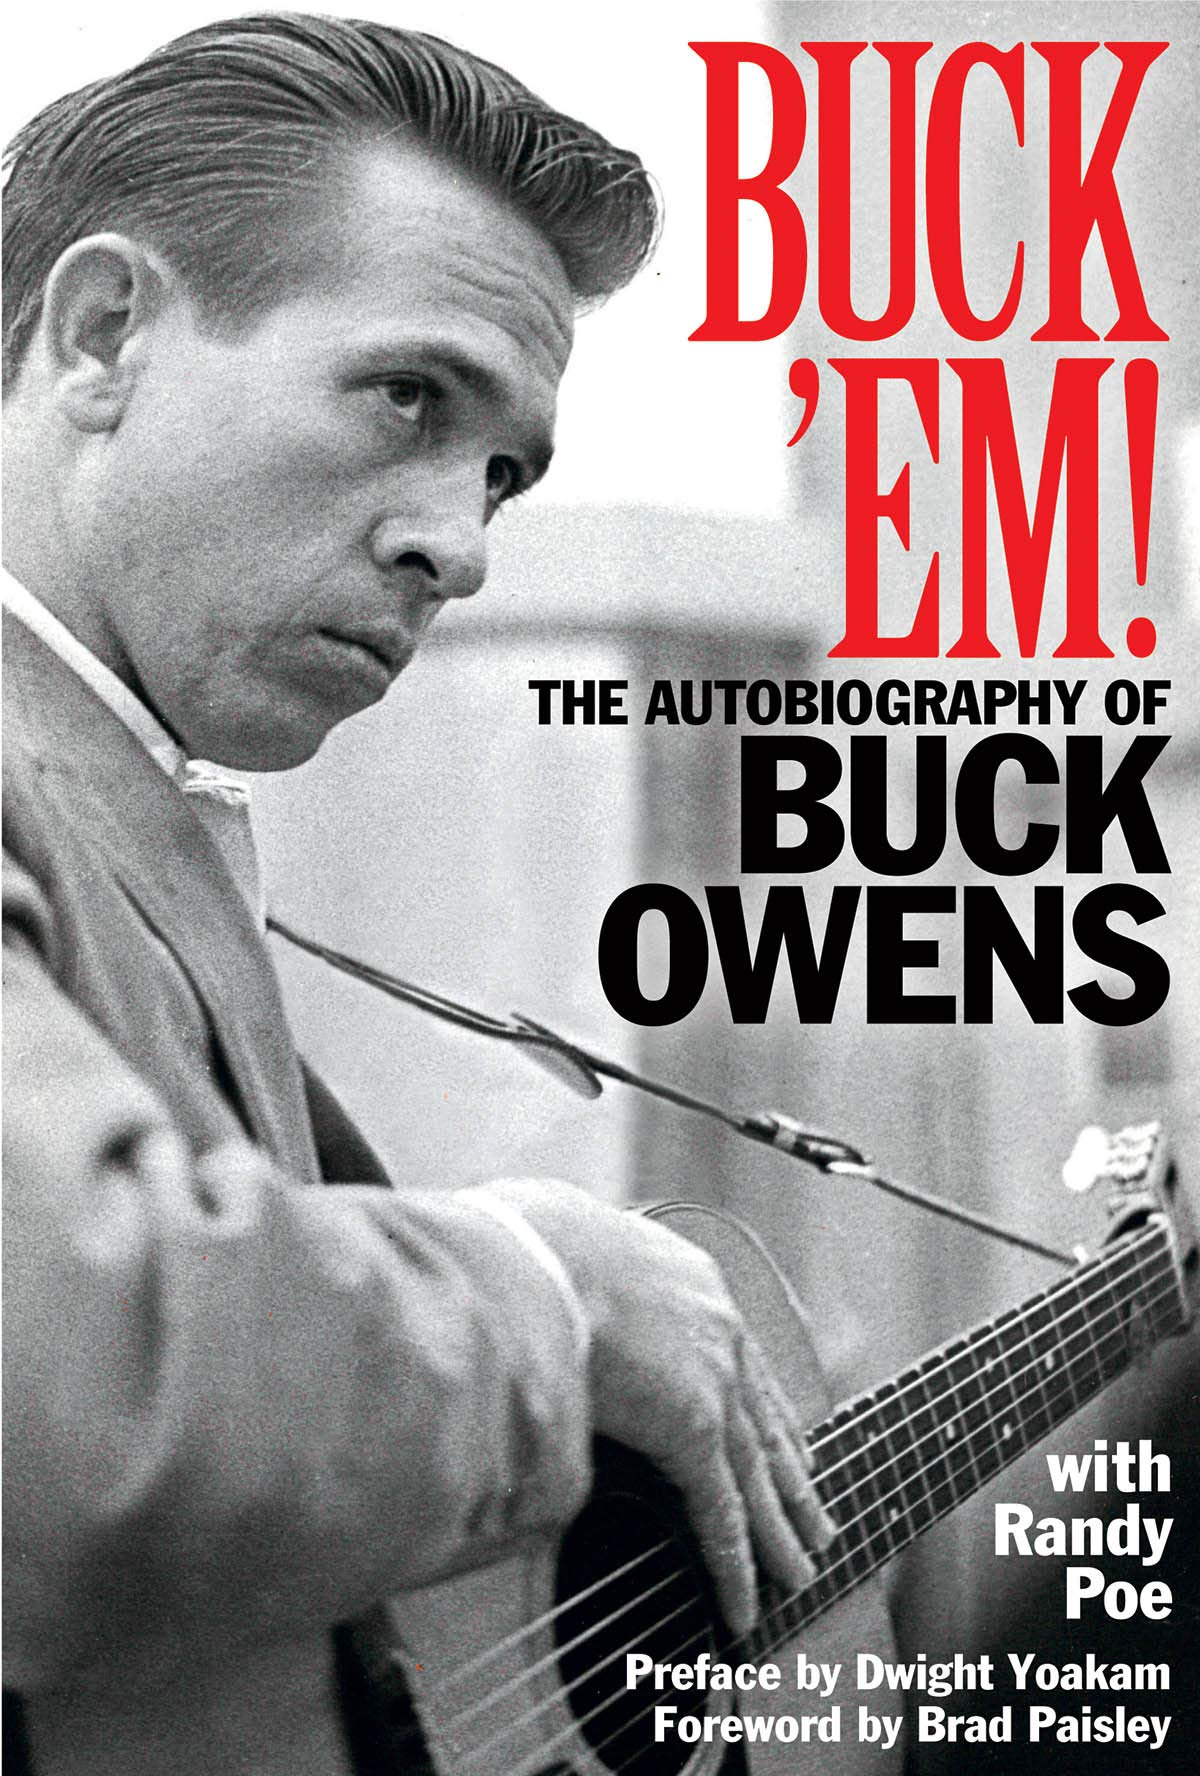 Buck 'Em: The Autobiography of Buck Owens: Amazon co uk: Randy Poe
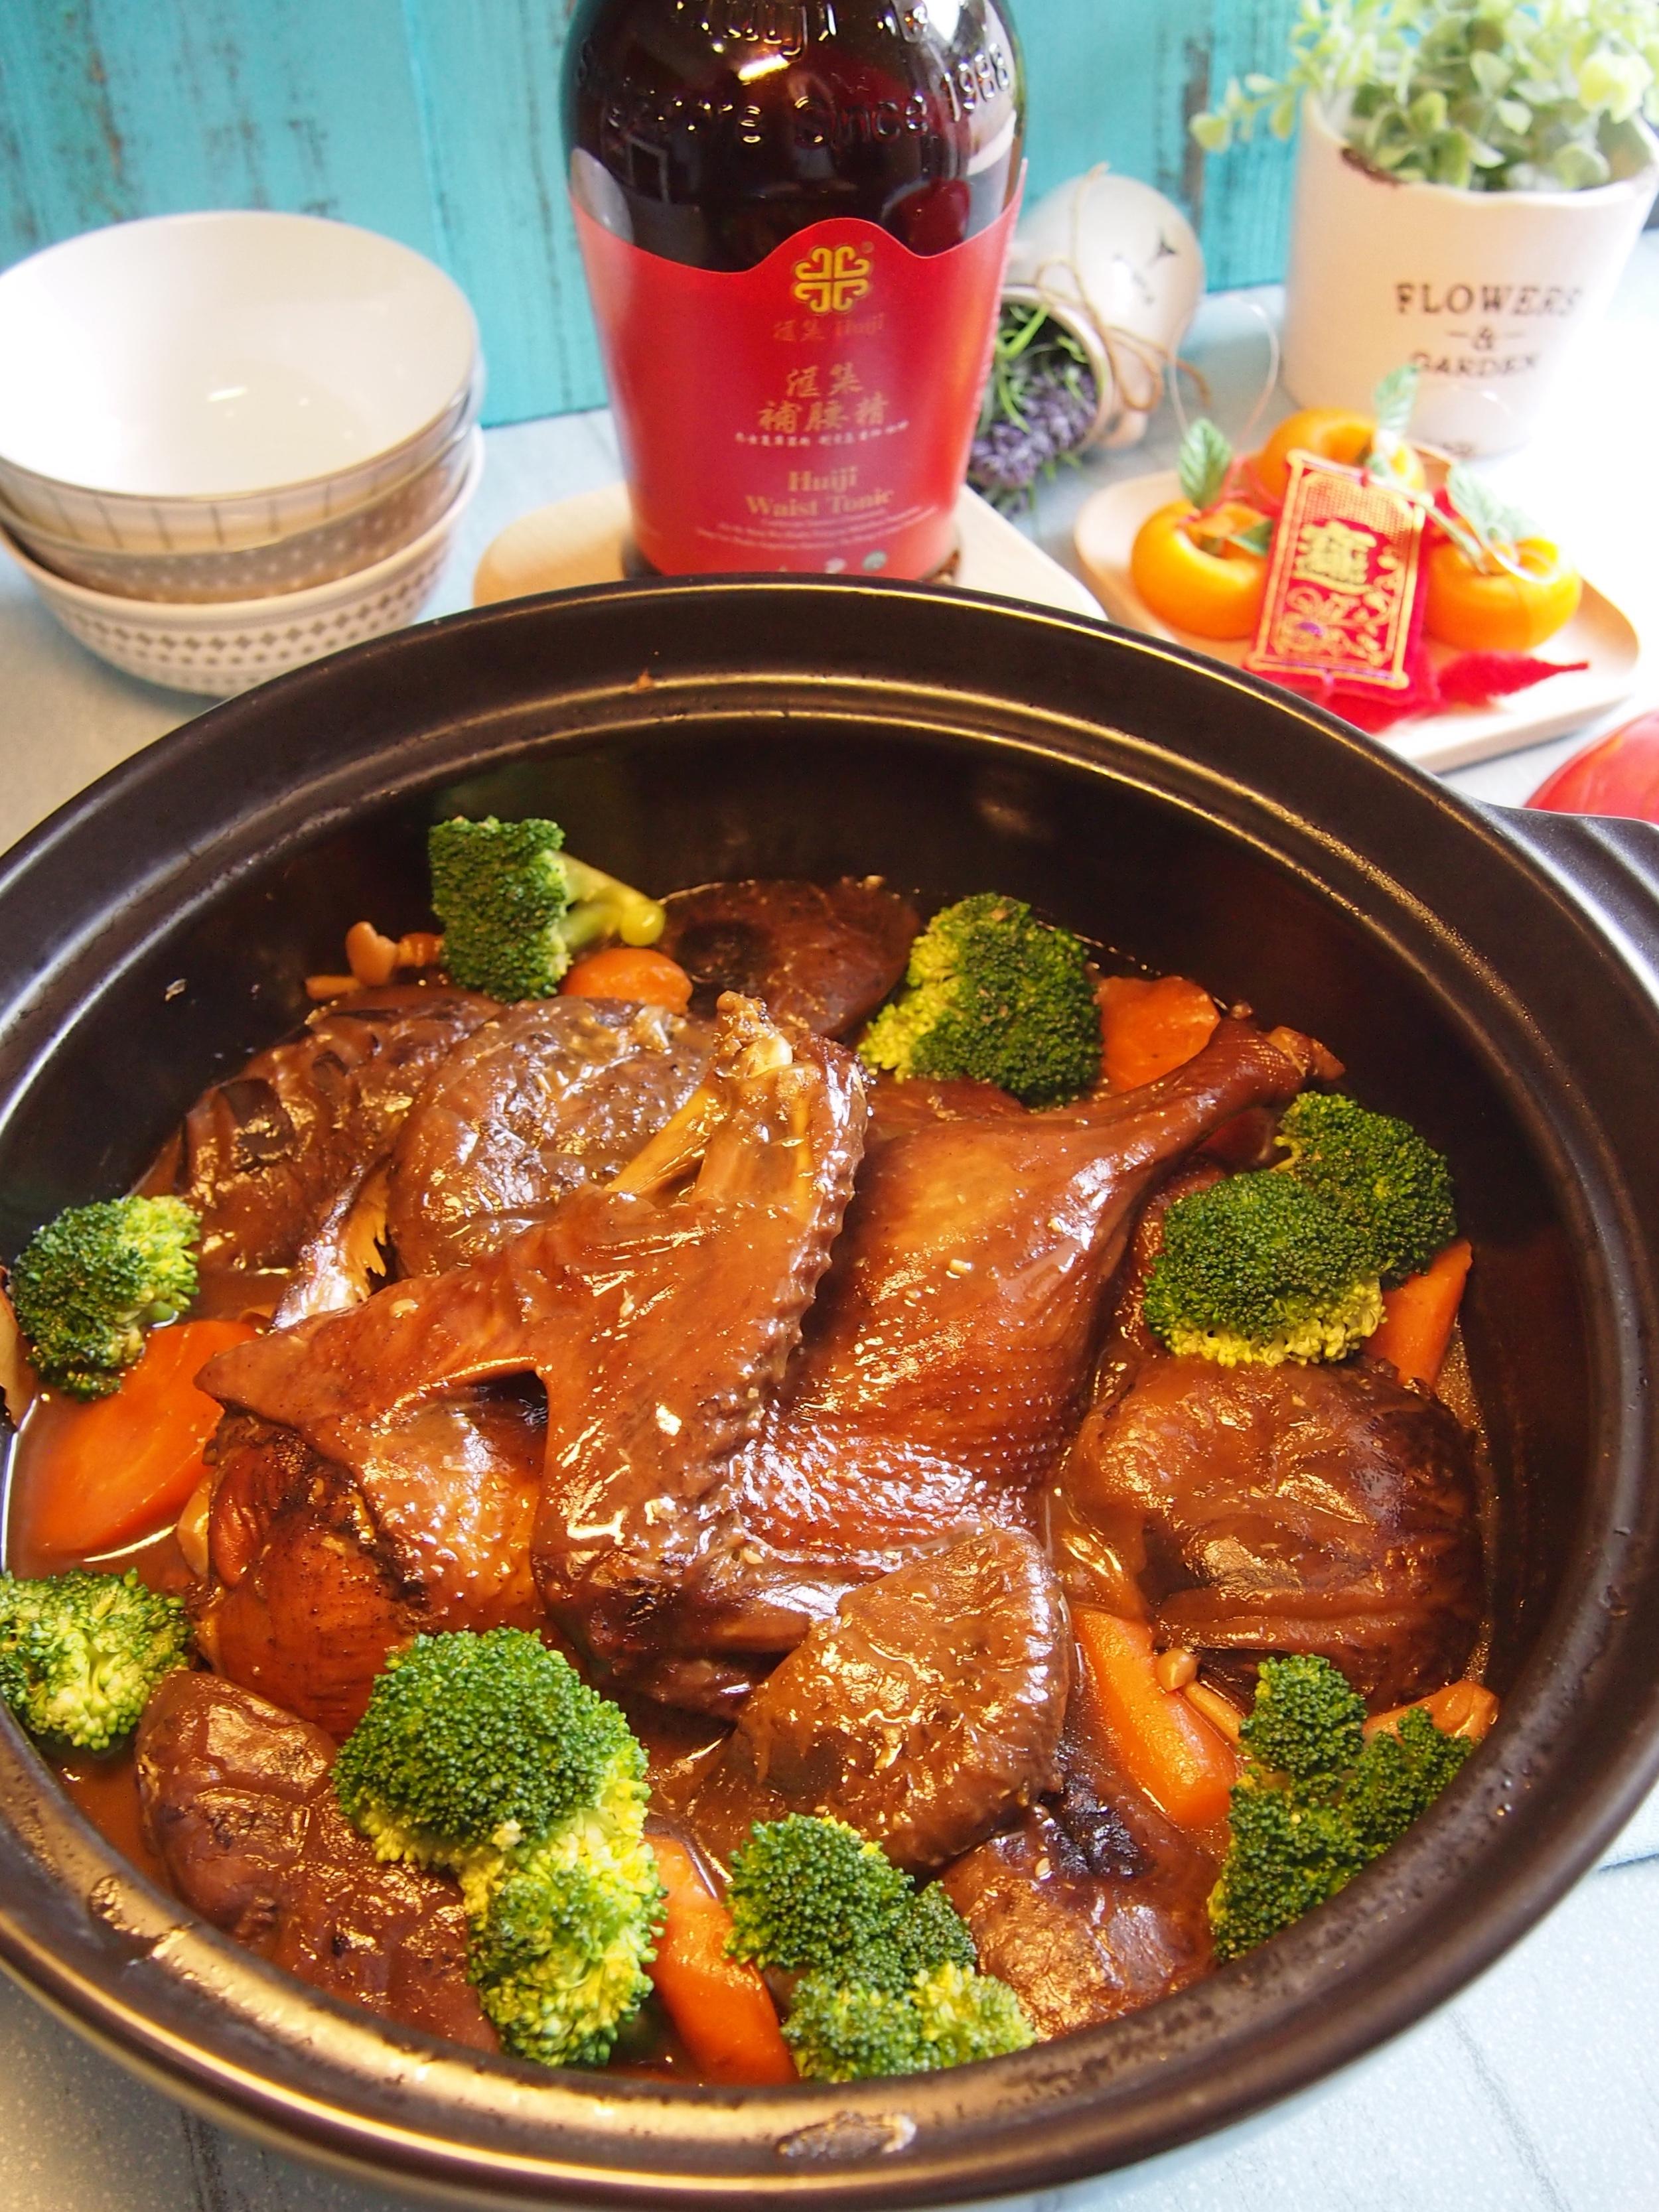 CNY Reunion Dinner Recipe: Prosperity Duck w/ Mushrooms in Herbal Sauce 药材蘑菇发财鸭
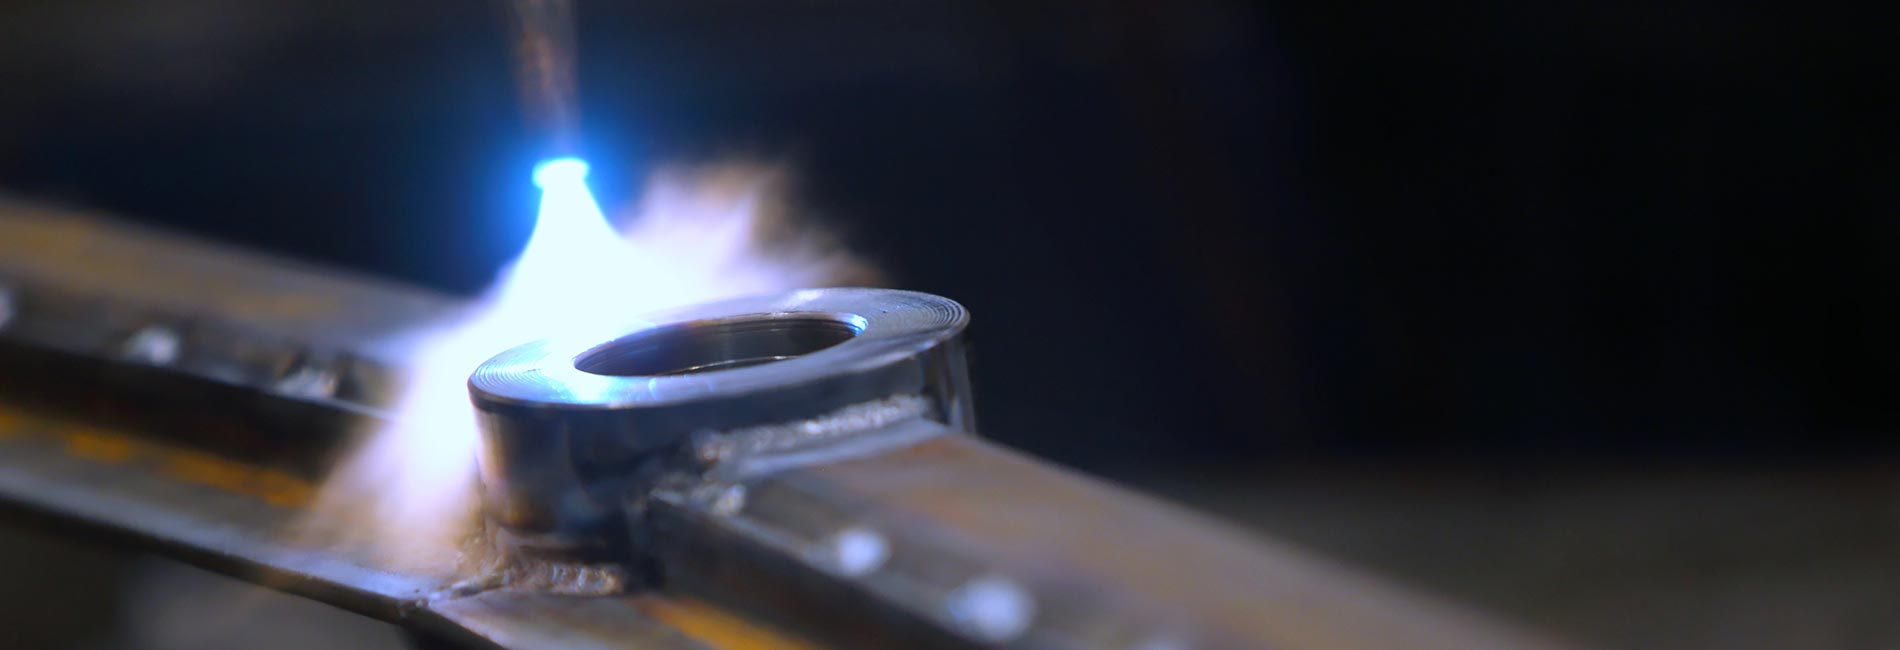 GN_KNIT obrobka metali

-*-*-

◆ Task objective: Each line of the data must be transcribed exactly; pictures are not carried over.

◆ Answer to this exercise:
 Buck 'Em: The Autobiography of Buck Owens: Amazon co uk: Randy Poe
 CNY Reunion Dinner Recipe: Prosperity Duck w/ Mushrooms in Herbal Sauce 药材蘑菇发财鸭
 GN_KNIT obrobka metali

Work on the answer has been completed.